Railway Artificial Intelligence Learning Benchmark (RAIL-BENCH): A Benchmark Suite for Perception in the Railway Domain

arXiv cs.CV / 4/27/2026

📰 NewsSignals & Early TrendsModels & Research

Key Points

  • The paper introduces RAIL-BENCH, the first public benchmark suite specifically designed to evaluate camera-based perception for automated train operation on existing railway infrastructure.
  • The benchmark includes five railway perception challenges: rail track detection, object detection, vegetation segmentation, multi-object tracking, and monocular visual odometry, each adapted to railway-environment characteristics.
  • It provides curated training/test datasets from diverse real-world scenarios along with standardized evaluation metrics and public scoreboards to enable reproducible comparisons across approaches.
  • For rail track detection, the authors propose LineAP, a new segment-based average precision metric that focuses on geometric accuracy of predicted polylines while avoiding weaknesses in prior line-detection metrics.
  • A public resource is hosted at https://www.mrt.kit.edu/railbench, including the benchmark components and the scoring platform.

Abstract

Automated train operation on existing railway infrastructure requires robust camera-based perception, yet the railway domain lacks public benchmark suites with standardized evaluation protocols that would enable reproducible comparison of approaches.

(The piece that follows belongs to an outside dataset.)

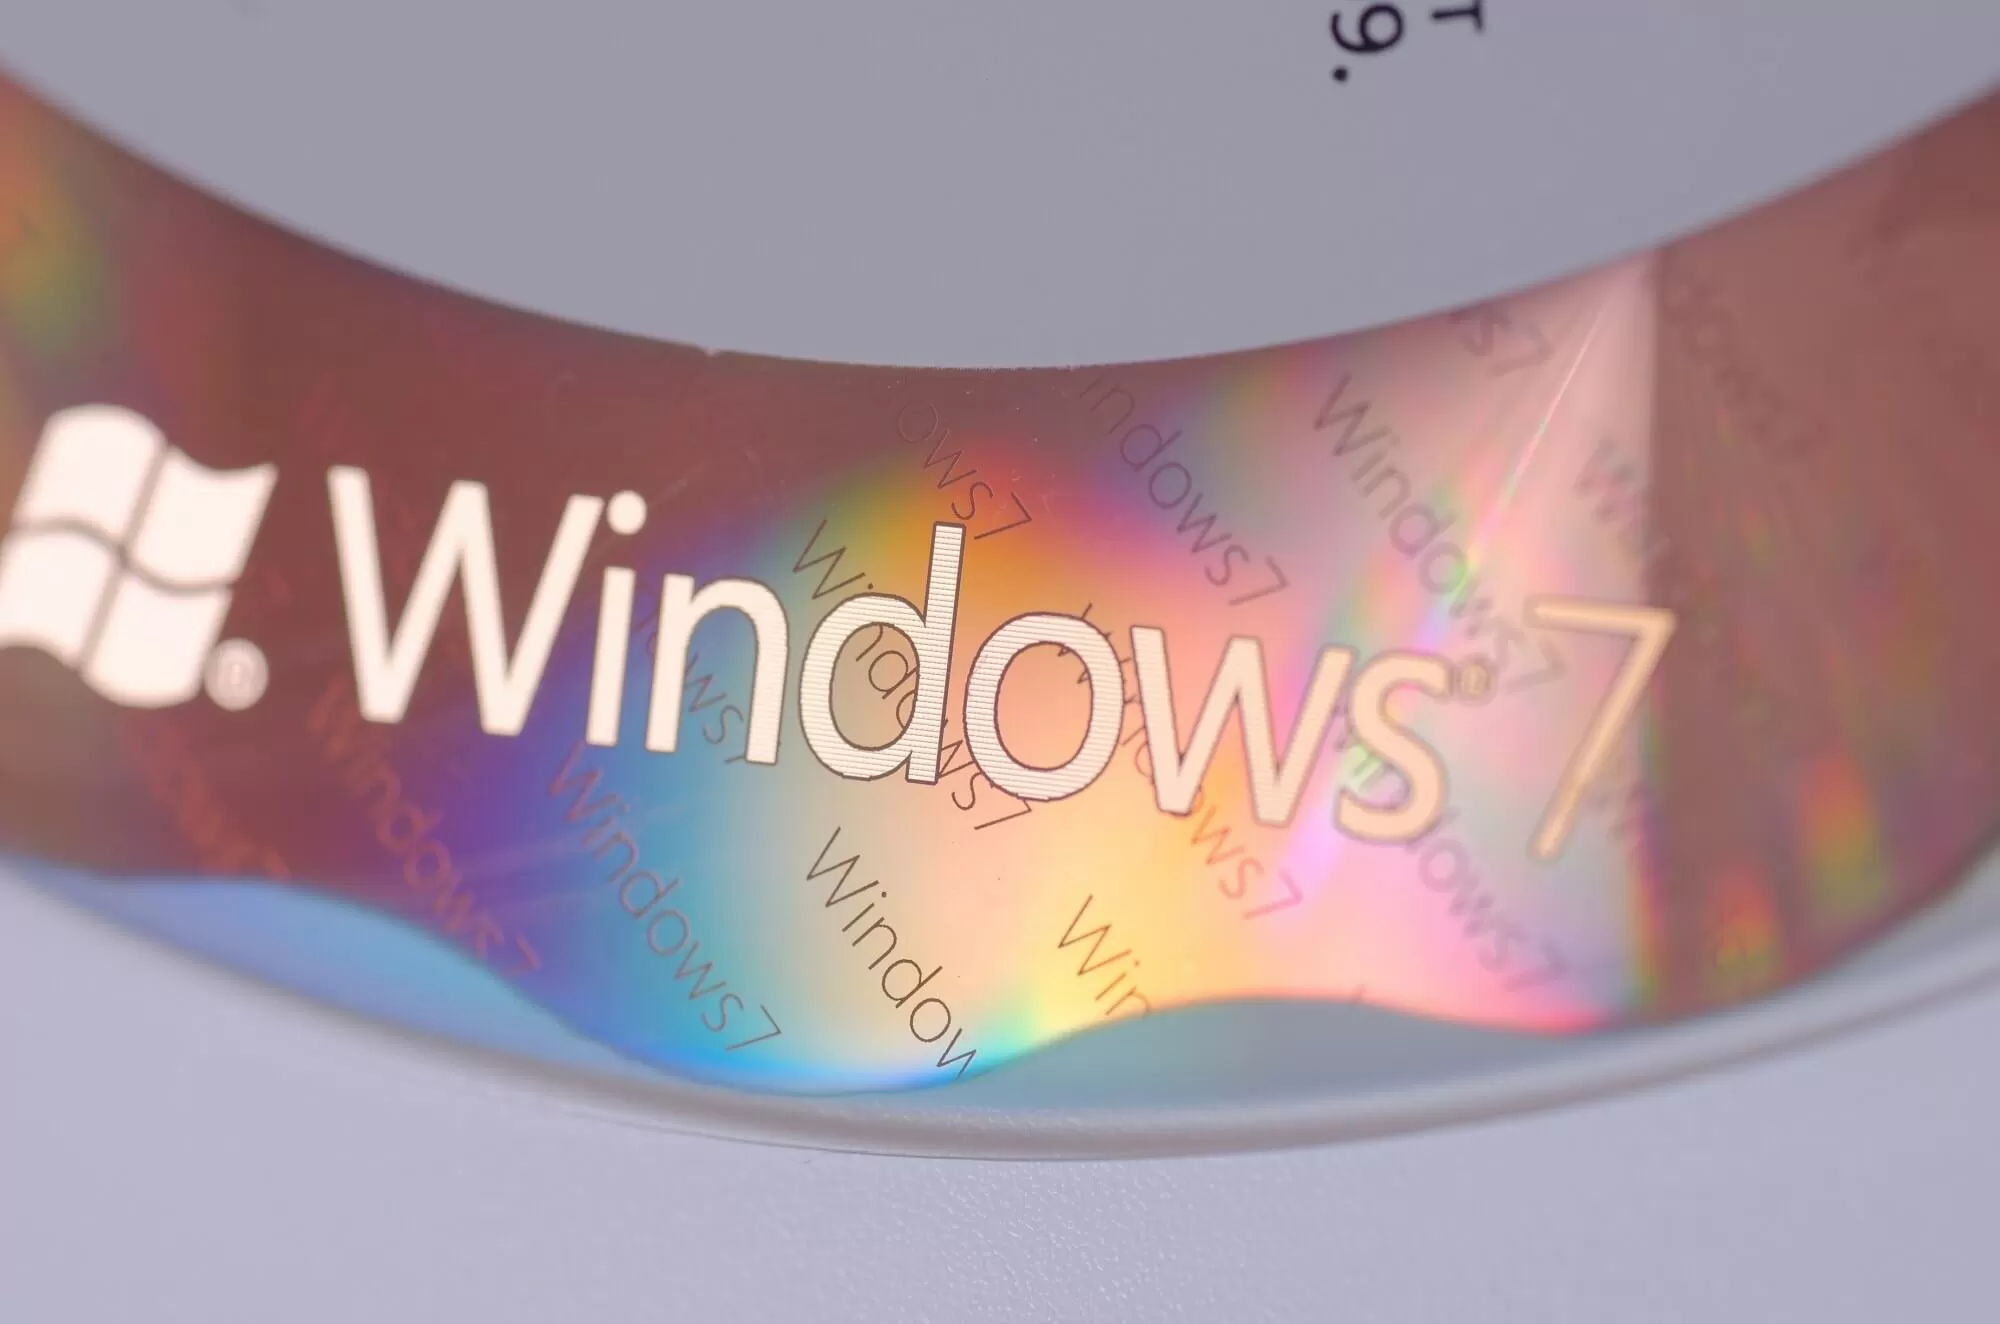 Windows 7 users won't let go of the aging OS
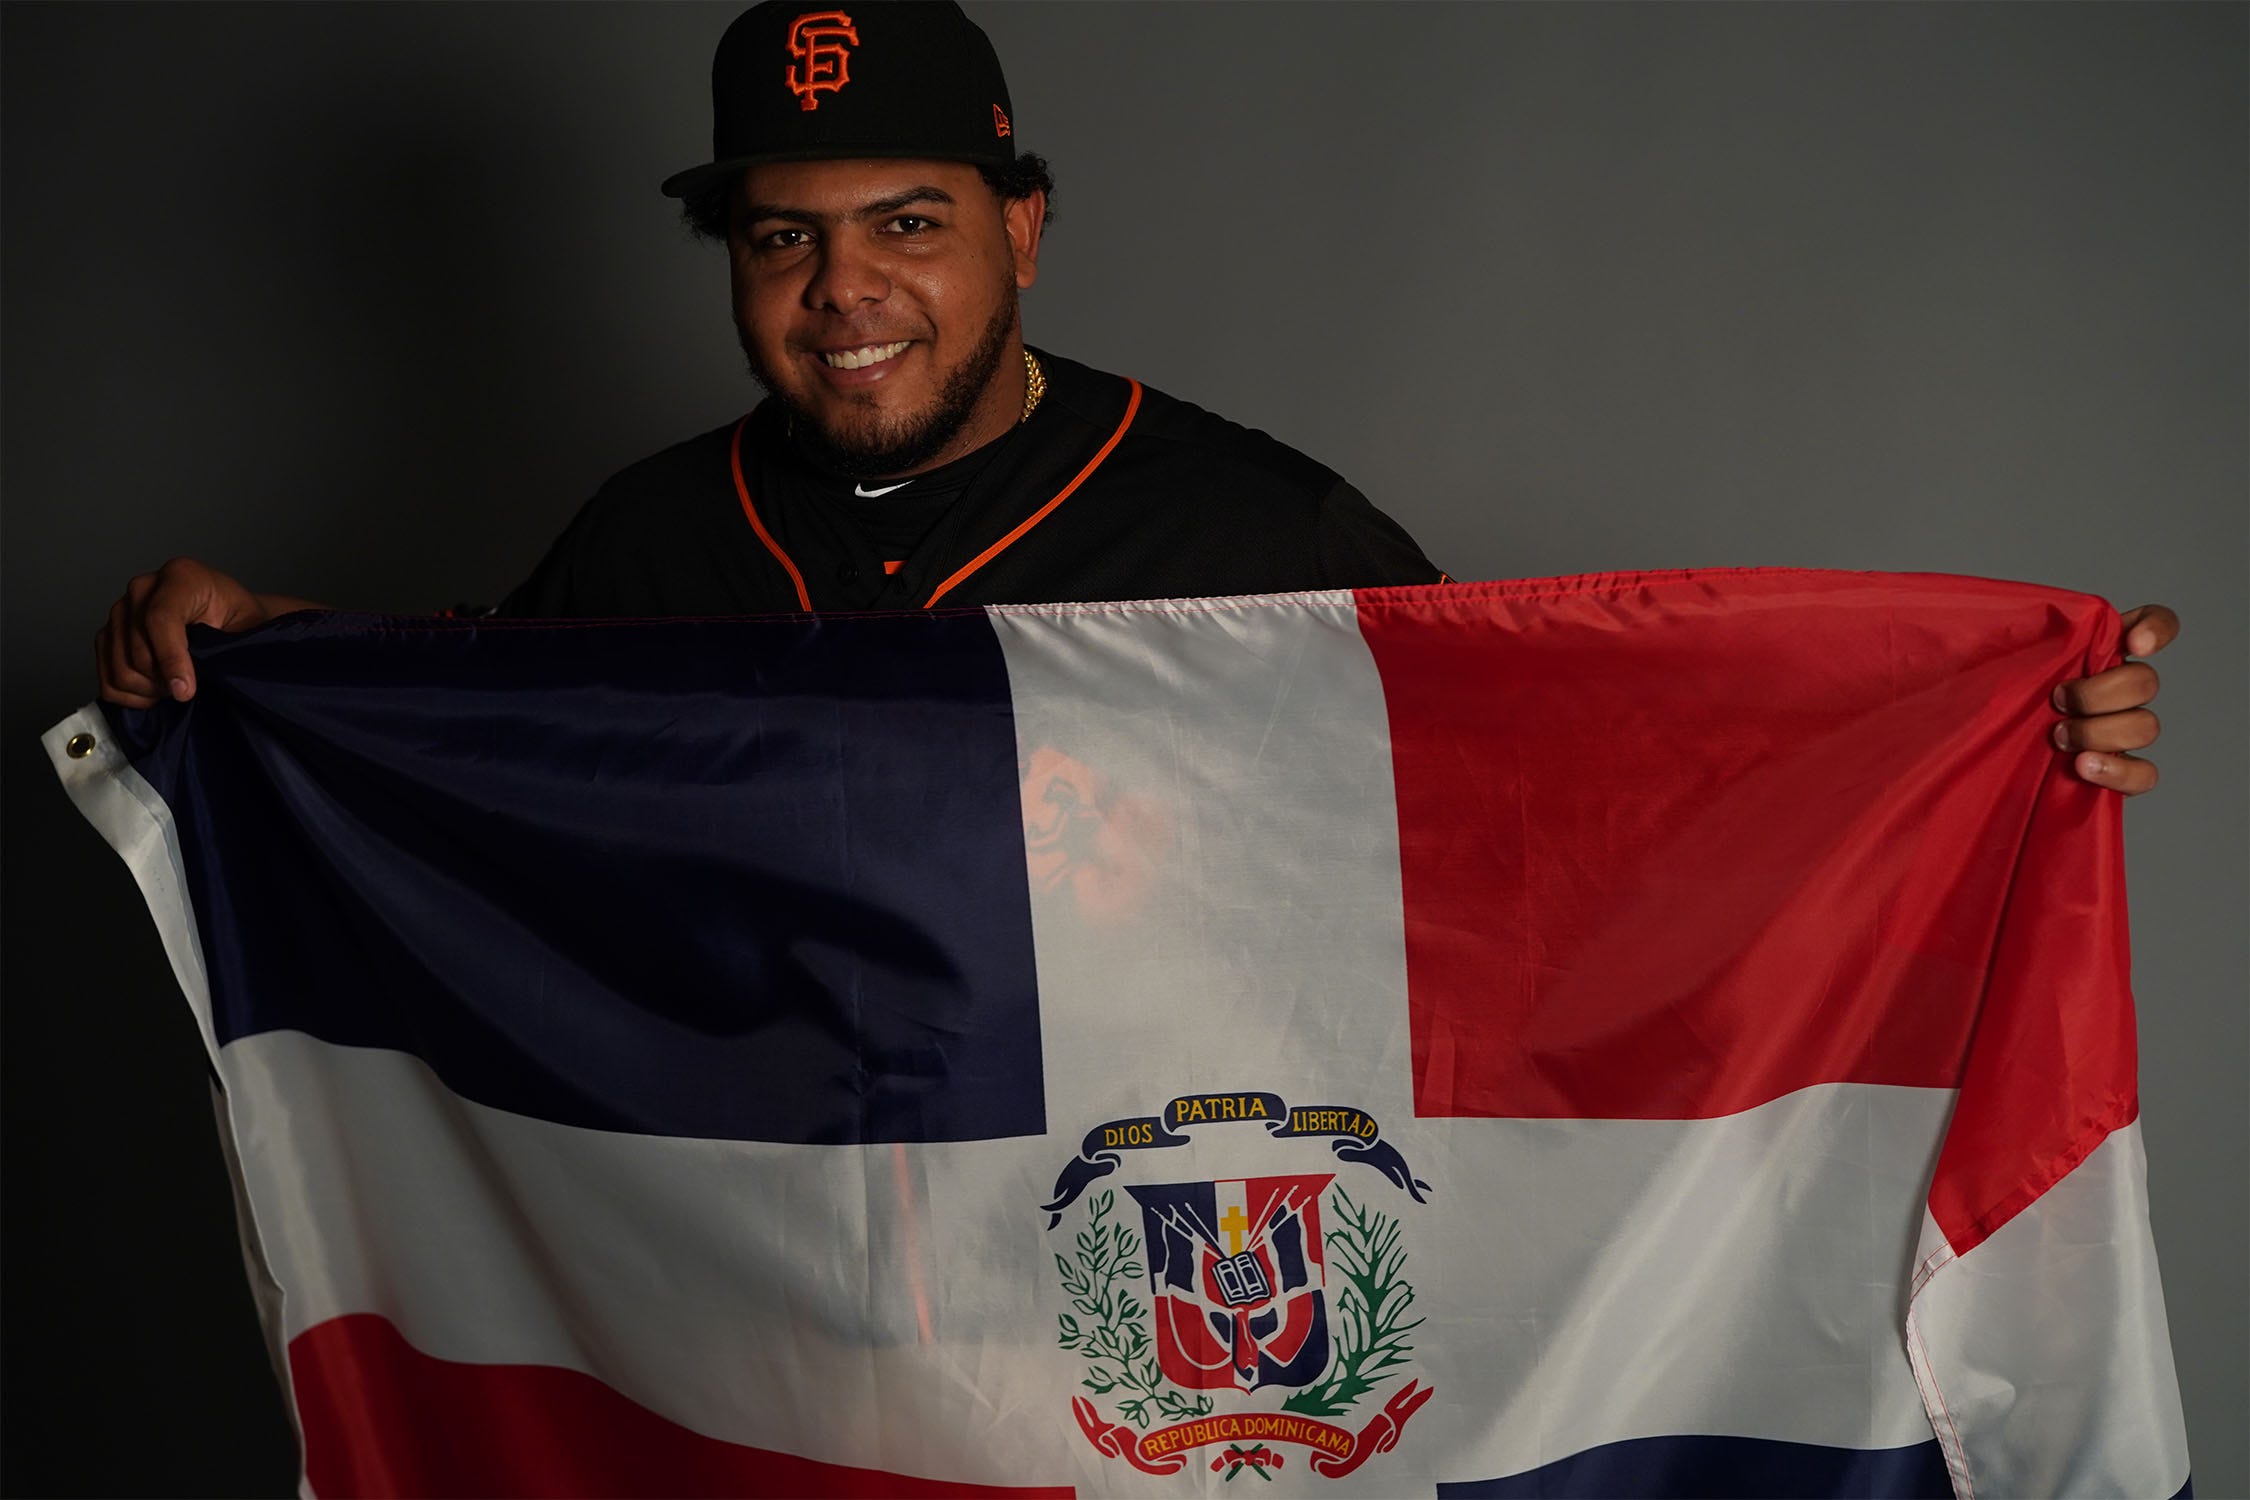 Viva Los Gigantes!. Every September during Fiesta Gigantes…, by San  Francisco Giants

We present RAIL-BENCH, the first perception benchmark suite for the railway domain. It comprises five challenges - rail track detection, object detection, vegetation segmentation, multi-object tracking, and monocular visual odometry - each tailored to the specific characteristics of railway environments. RAIL-BENCH provides curated training and test datasets drawn from diverse real-world scenarios, evaluation metrics, and public scoreboards (https://www.mrt.kit.edu/railbench). For the rail track detection challenge we introduce LineAP, a novel segment-based average precision metric that evaluates the geometric accuracy of polyline predictions independently of instance-level grouping, addressing key limitations of existing line detection metrics.